I must respectfully dissent from the majority opinion because I think it misconstrues the application of Magnolia Petroleum Co. v. Hunt, 320 U.S. 430, 64 S.Ct. 208, 88 L.Ed. 149 (1943) and Industrial Commission of Wisconsin v. McCartin, 330 U.S. 622, 67 S.Ct. 886, 91 L.Ed. 1140 (1947), and because it ignores the principle — virtually axiomatic in this area of the law — that workmen’s compensation laws are to be construed liberally in furtherance of their remedial purpose.

I. FULL FAITH AND CREDIT

The lynchpin of the Supreme Court's holding in Magnolia was the Court’s finding that the Texas workmen’s compensation statute at issue was intended to be exclusive of all other remedies, including remedies afforded by the workmen’s compensation laws of other states. The Court based its conclusion on an express statutory provision and on Texas’ judicial interpretation of the statute:

[Ujnder this statute a compensation award may not be had in Texas if the employee has claimed and received compensation for his injury under the laws of another state.

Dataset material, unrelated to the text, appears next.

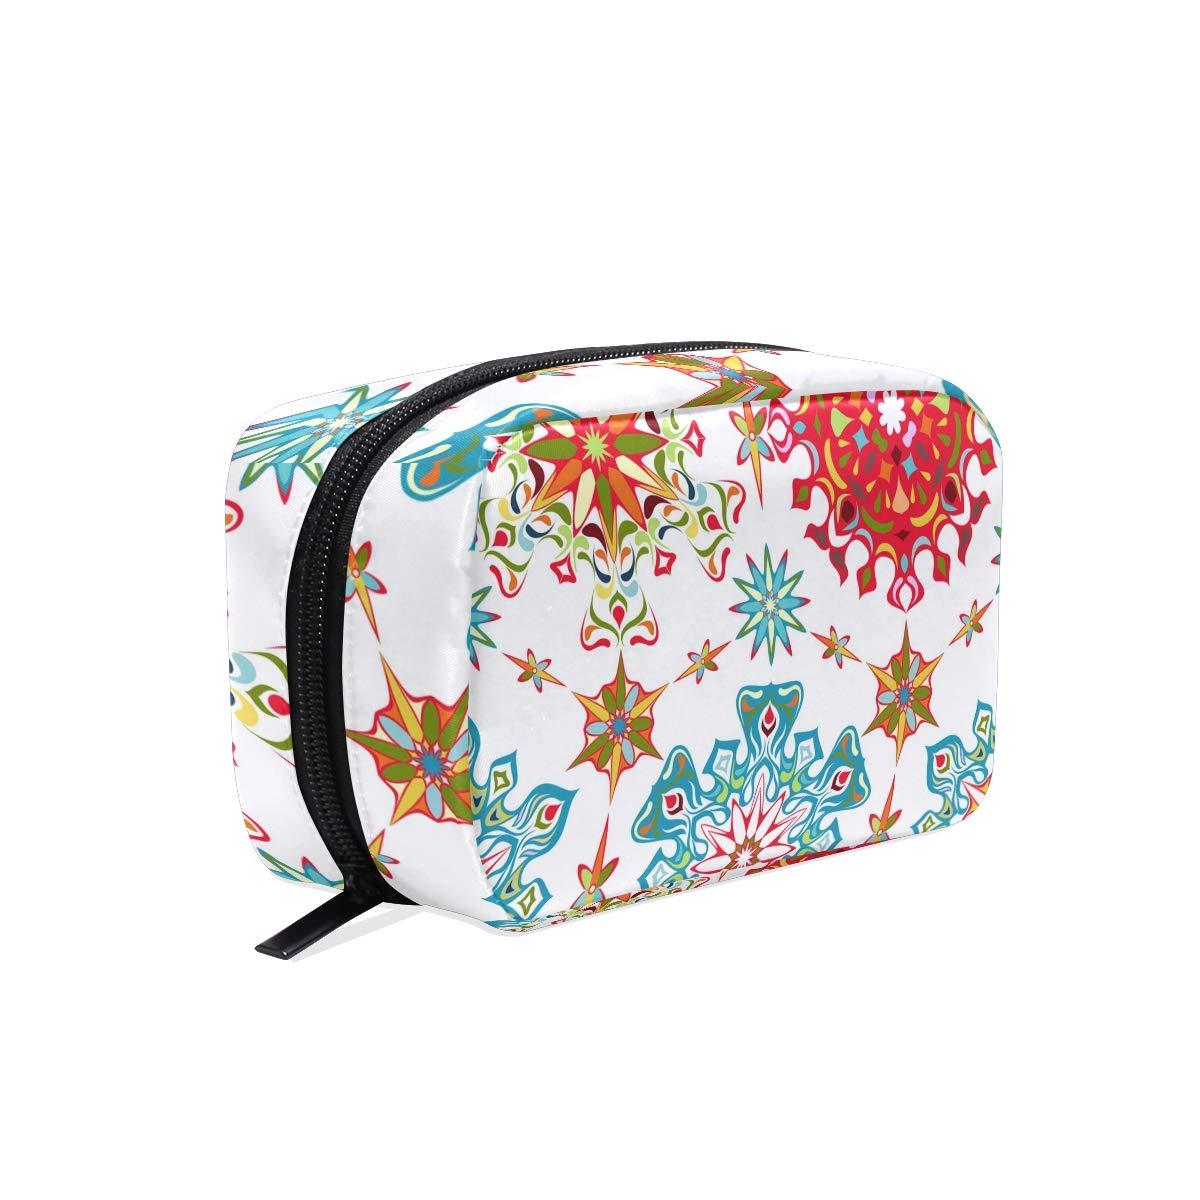 Makeup Bag Portable Travel Cosmetic Bags Roma Flowers Storage Bag for Women Skincare Makeup Train Case

Magnolia Petroleum Co. v. Hunt, 320 U.S. at 435, 64 S.Ct. at 212 (citations omitted). From this the Court apparently inferred that the converse was also true: that once a remedy was obtained pursuant to the Texas statute, it operated to preclude successive awards pursuant to other states’ workmen’s compensation laws by application of full faith and credit.

Significantly, the Court withheld the question of the full faith and credit or res judicata effect of a workmen’s compensation award made pursuant to a statute not held to be exclusive.

We have no occasion to consider what effect would be required to be given to the Texas award if the Texas courts held that an award of compensation in another state would not bar an award in Texas, for as we have seen, Texas does not allow such a second recovery.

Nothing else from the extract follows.